Capture Ratios: Was von der Markt-Performance übrig blieb
Kommen wir zur zweiten Kennzahl, nämlich zu den so genannten Capture Ratios. Sie drücken aus, wie viel Performance ein Fonds gegenüber der Benchmark „eingefangen“ hat. Der Markt hat hier die Referenzgröße von 100 Performance-Einheiten. Man unterscheidet zwischen der Up und Down Capture Ratio. Die Up Capture Ratio erfasst die Performance relativ zum Index in den Monaten, in denen der Index an Wert gewinnt. Die Down Capture Ratio misst spiegelbildlich die Performance relativ zum Index in den Monaten, in denen der Index Verluste erleidet. Auch hier geht es für den Investor dann am besten aus, wenn ein Fonds eine Up Capture Ratio von mehr als 100 aufzeigt, was bedeutet, dass er in Aufwärtsmärkten mehr gewinnt als die Benchmark und eine zugleich eine Down Capture Ratio von unter 100 aufweist, der Fonds also in schwachen Marktphasen weniger verliert als sein Referenzindex.
Wie die obere Tabelle zeigt, und das ist ein allgemein zu beobachtendes Phänomen, ist, wie beim Beta, auch diese Beste-Aller-Welten-Konstellation bei aktiv verwalteten Fonds generell selten, was dazu führt, dass sie beim Durchschnitt der großen Zahlen (Fonds) nicht vorkommt. Mit anderen Worten: Aktiv verwaltete Fonds gewinnen in Aufwärtsphasen relativ zum Index weniger, als sie spiegelbildlich in Abwärtsphasen relativ zu Index verlieren. Besonders schwach fällt das Ergebnis aus bei den Standardwerte-Aktienkategorien „USA Blend“, „Global Growth“, „Großbritannien“ und „Global“.
FAZIT
Betrachtet man die beiden verwandten Kennziffern, die die Marktsensitivität von Fonds messen, dann fällt es schwer, der These der Fondsverantwortlichen von der generellen Überlegenheit aktiv verwalteter Fonds in Abwärtsmärkten zu folgen. Natürlich bedeutet das nicht, dass einzelne Fonds in Abwärtsmärkten ein günstiges Performance-Verhalten an den Tag legen. Aber wenn es um große Gruppen geht, gilt das unerbittliche Gesetz der großen Zahlen. Aktiv verwaltete Fonds habe en Gros ein ungünstiges Rendite-Risiko-Profil.

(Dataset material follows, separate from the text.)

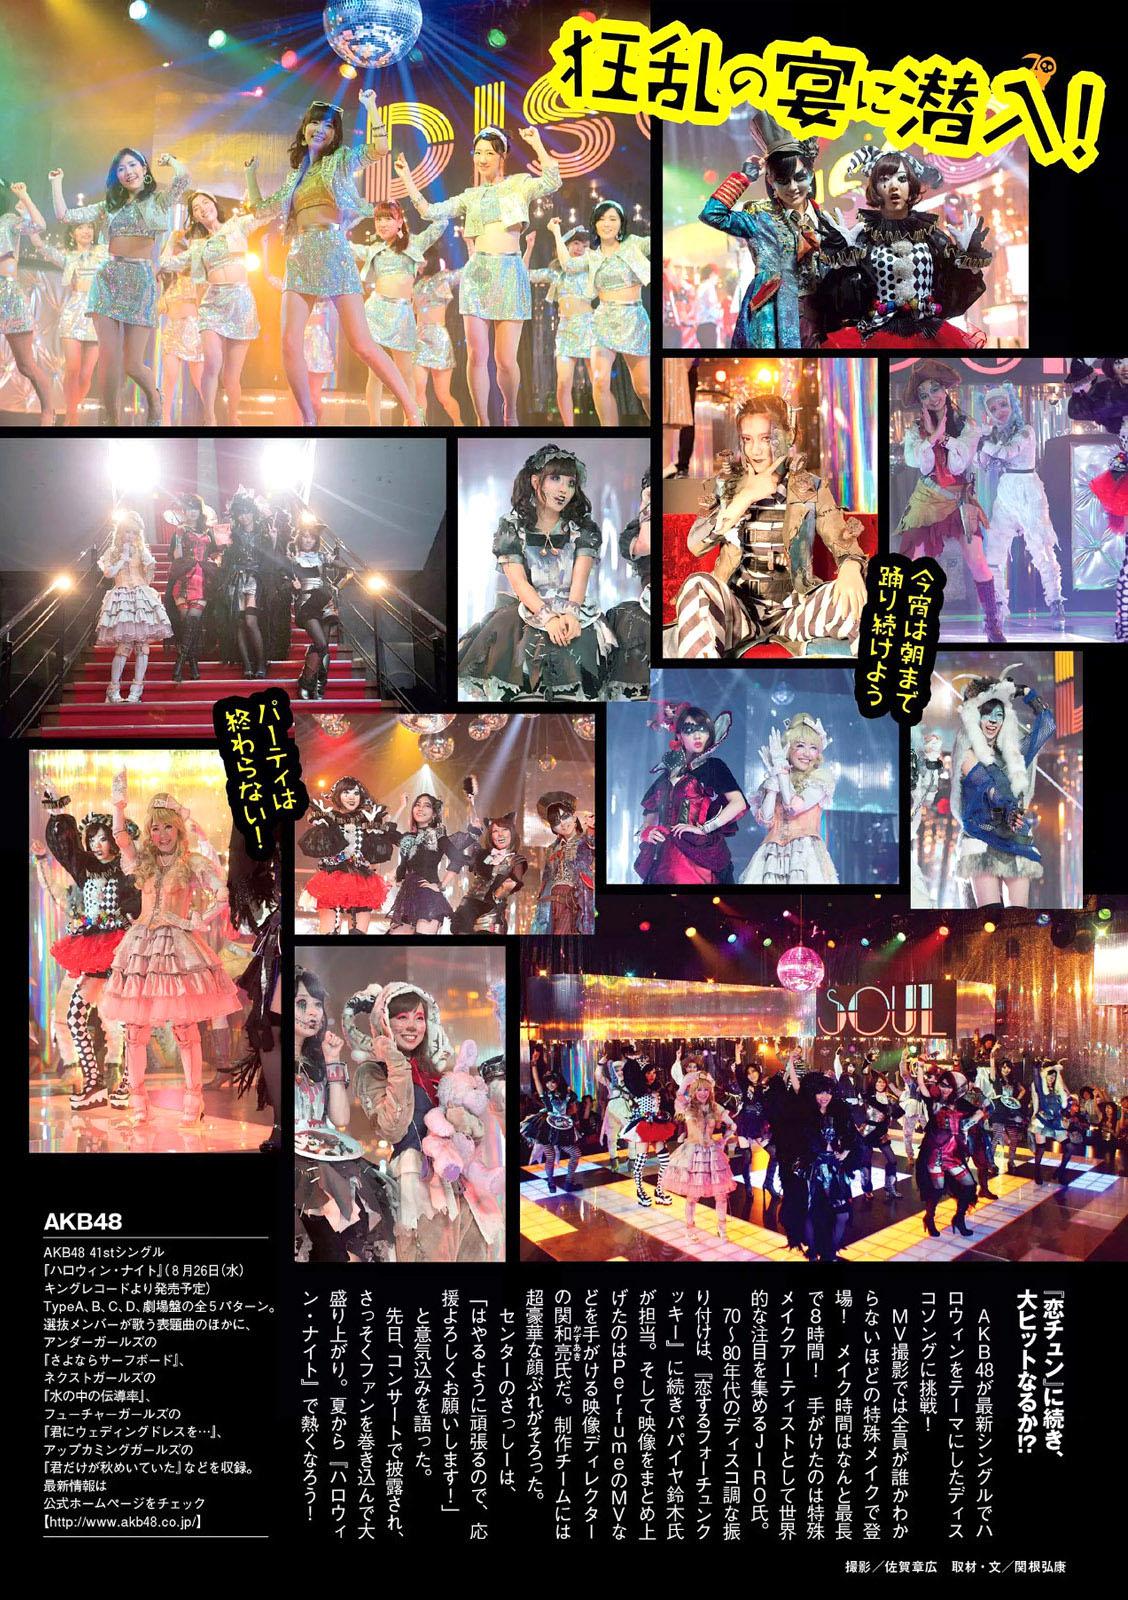 AKB48 WPB 150907 03.jpg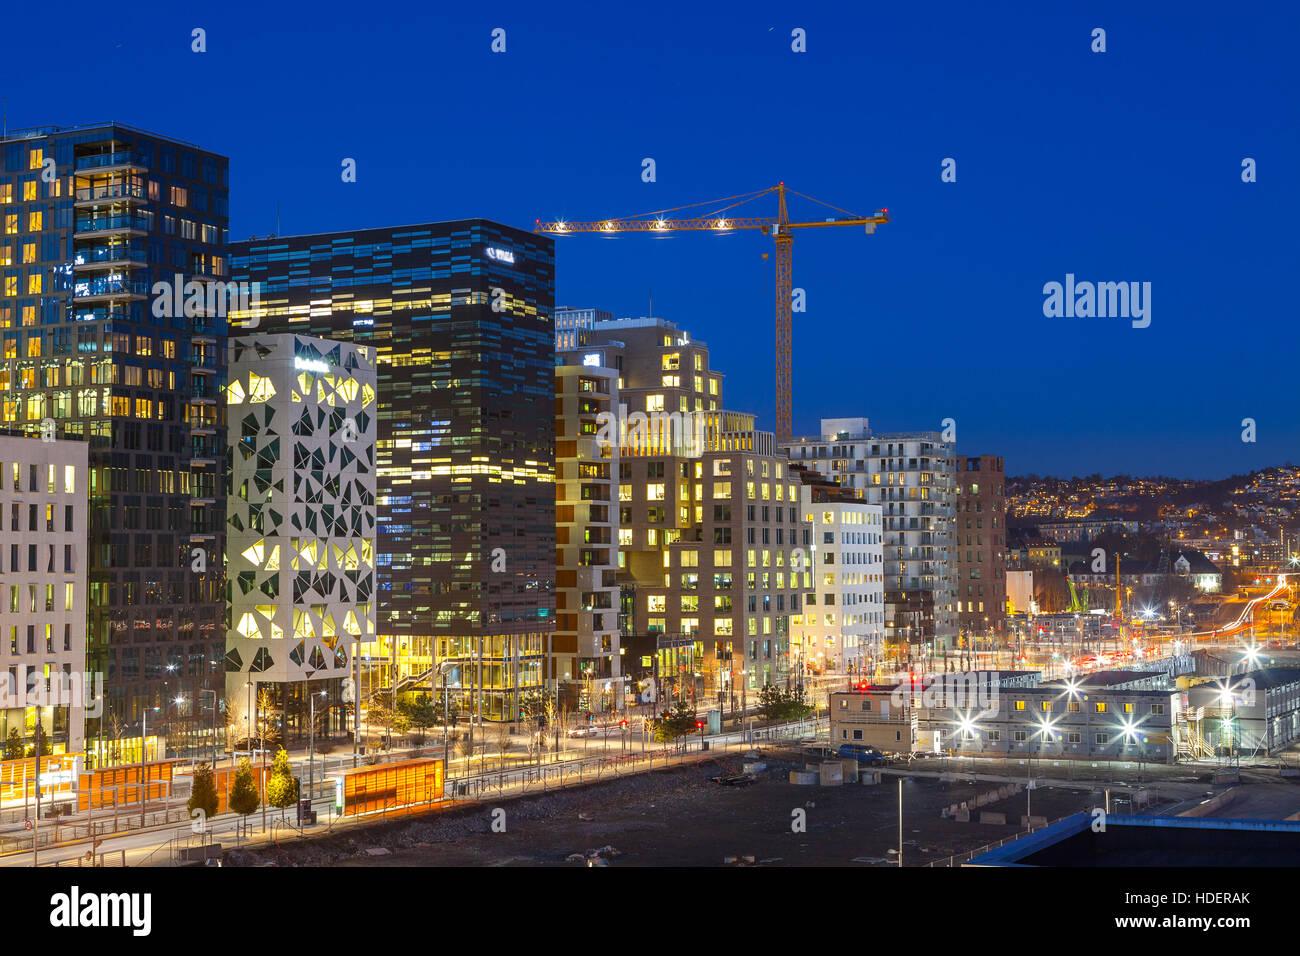 Bjorvika business quarter (Barcose). Night cityscape. - Stock Image

Der wichtigste Grund dürfte in den Gebühren liegen, die Sie in der Spalte „Kosten“ in der oberen Tabelle finden. Aktiv verwaltete Aktienfonds sind nun einmal teuer. Global anlegende Schwellenländerfonds bringen es auf laufende Gebühren von durchschnittlich 1,7 Prozent pro Jahr, ebenso wie europäische Standardwertefonds. Global anlegende Wachstumsfonds und Global anlegende Blend-Fonds sind ebenfalls recht teuer. Zusätzlich zu den Produktkosten fallen noch Handelsgebühren an, die bei aktiven Fonds naturgemäß deutlich höher sind als bei Indexfonds.
Anleger sollten also eine gesunde Portion Skepsis mitbringen, wenn es um pauschale Aussagen zum Performance-Verhalten von großen Fondsgruppen geht. Die Verantwortlichen in der Fondsindustrie sollten sich besser nur über das Verhalten ihrer Fonds äußern und nicht zu aktiv verwalteten Fonds per se, die in Summe sichere Verlierer sind.
Die in diesem Artikel enthaltenen Informationen dienen ausschließlich zu Bildungs- und Informationszwecken. Sie sind weder als Aufforderung noch als Anreiz zum Kauf oder Verkauf eines Wertpapiers oder Finanzinstruments zu verstehen. Die in diesem Artikel enthaltenen Informationen sollten nicht als alleinige Quelle für Anlageentscheidungen verwendet werden.